Sí, es verdad que ahora hace dieciséis años que se murió. Lo que no ha podido hacer el tiempo, ni ninguna patología, es callarla, porque la voz de Celia Cruz, las sonoridades y las armonías de sus canciones, estallan y viven de pronto en las emisoras, los tocadiscos y todos los aparatos difusores.

Y es que escucharla es un placer sin fronteras y una necesidad rotunda, para sentirse uno como un ser humano y sensible que es parte y disfruta de ese planeta especial y cálido donde reina la música.

No hay nada que saque a aquella mulata habanera de las fiestas y los jolgorios del mundo hispano, porque esa mujer de 77 años, que se fue de viaje definitivo en New Jersey, el 16 de julio de 2003, dejó a las personas que suelen soñar por el oído unas 800 canciones, grabó unos 70 álbumes, se ganó 23 discos de oro y recibió cinco premios Grammy.

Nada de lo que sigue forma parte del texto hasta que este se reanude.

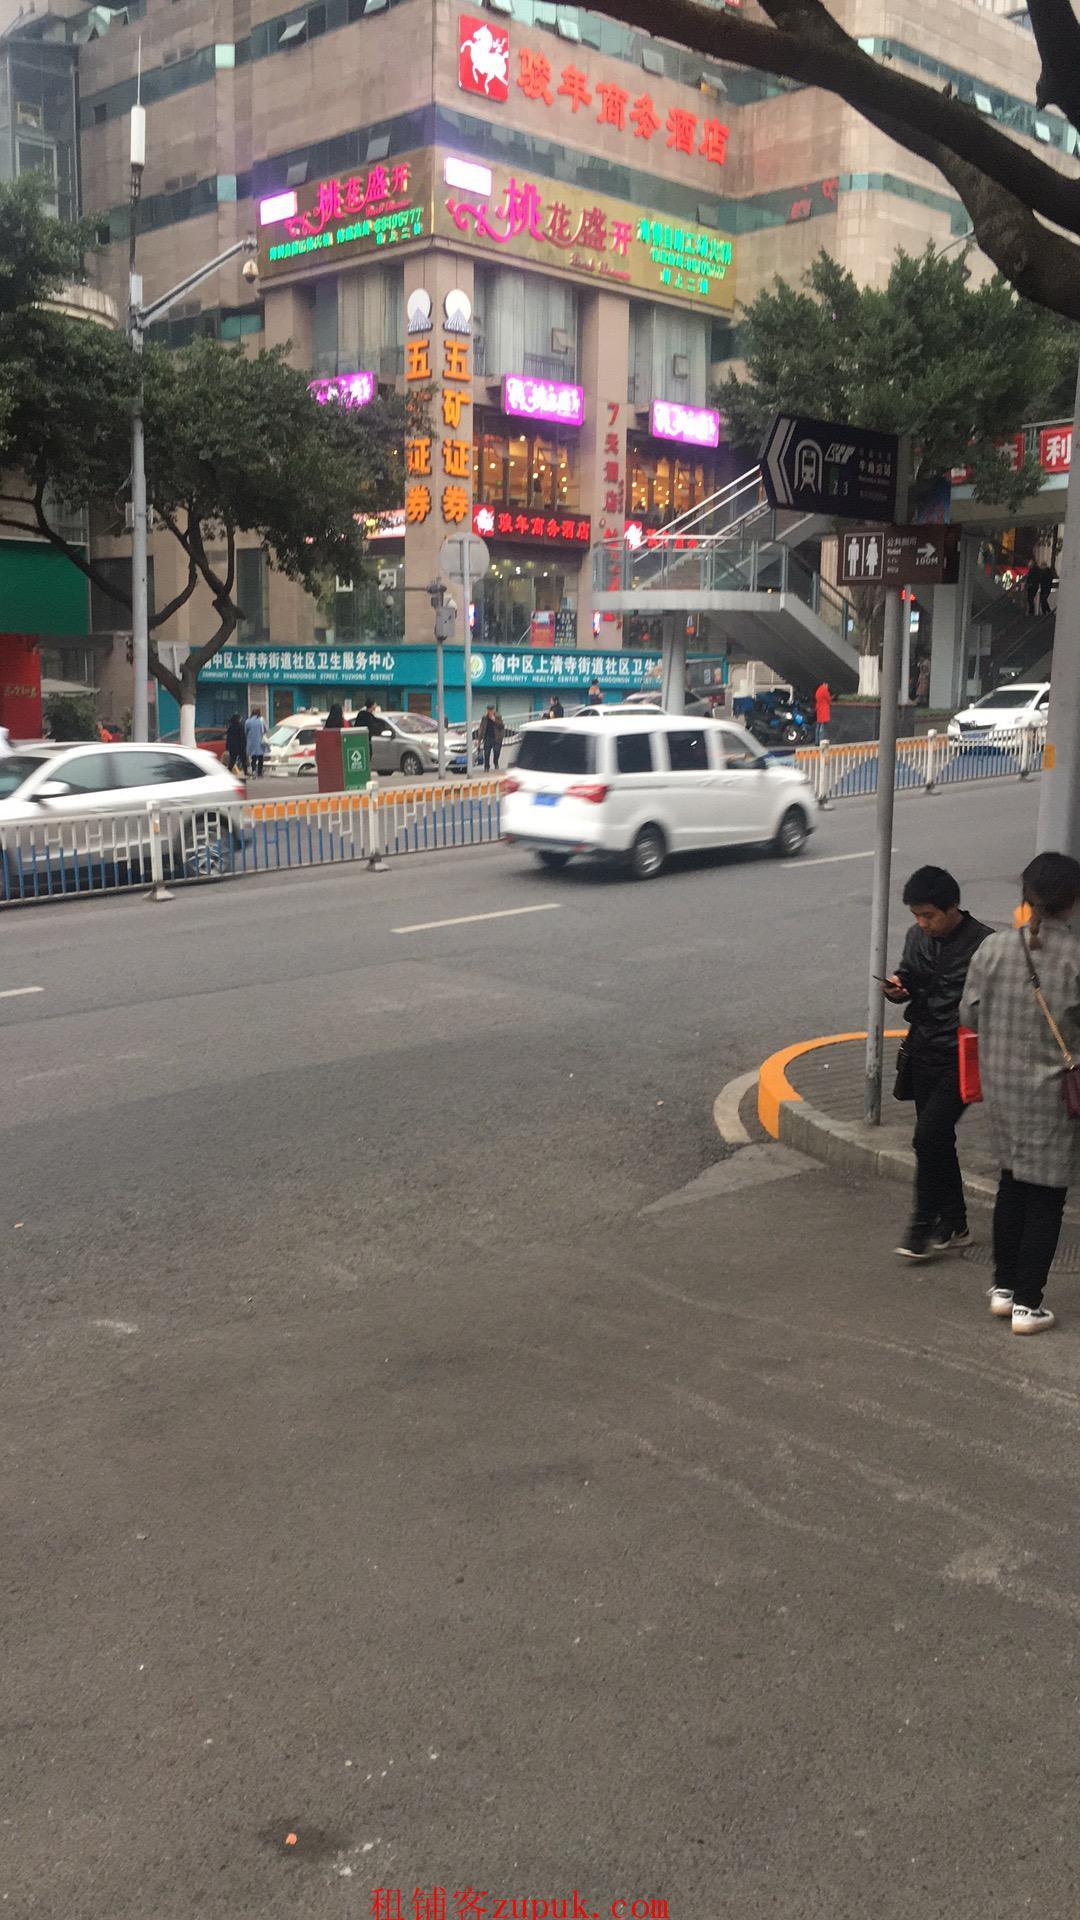 渝中上清寺公交车站旁经营中宾馆

De Celia Cruz, permanece también su decencia y educación como ser humano. Su respeto por la libertad de Cuba, de la que salió en 1960. Su proverbial profesionalismo y el magnetismo de su trabajo en el mundo entero, donde llegaba a los escenarios con todas las lentejuelas del mundo en sus vestidos, las pelucas más desafiantes y rimbombantes y, cómo no, con los tacones tan grandes en sus zapatos que algunos se coleccionan hoy en museos y casas de cultura.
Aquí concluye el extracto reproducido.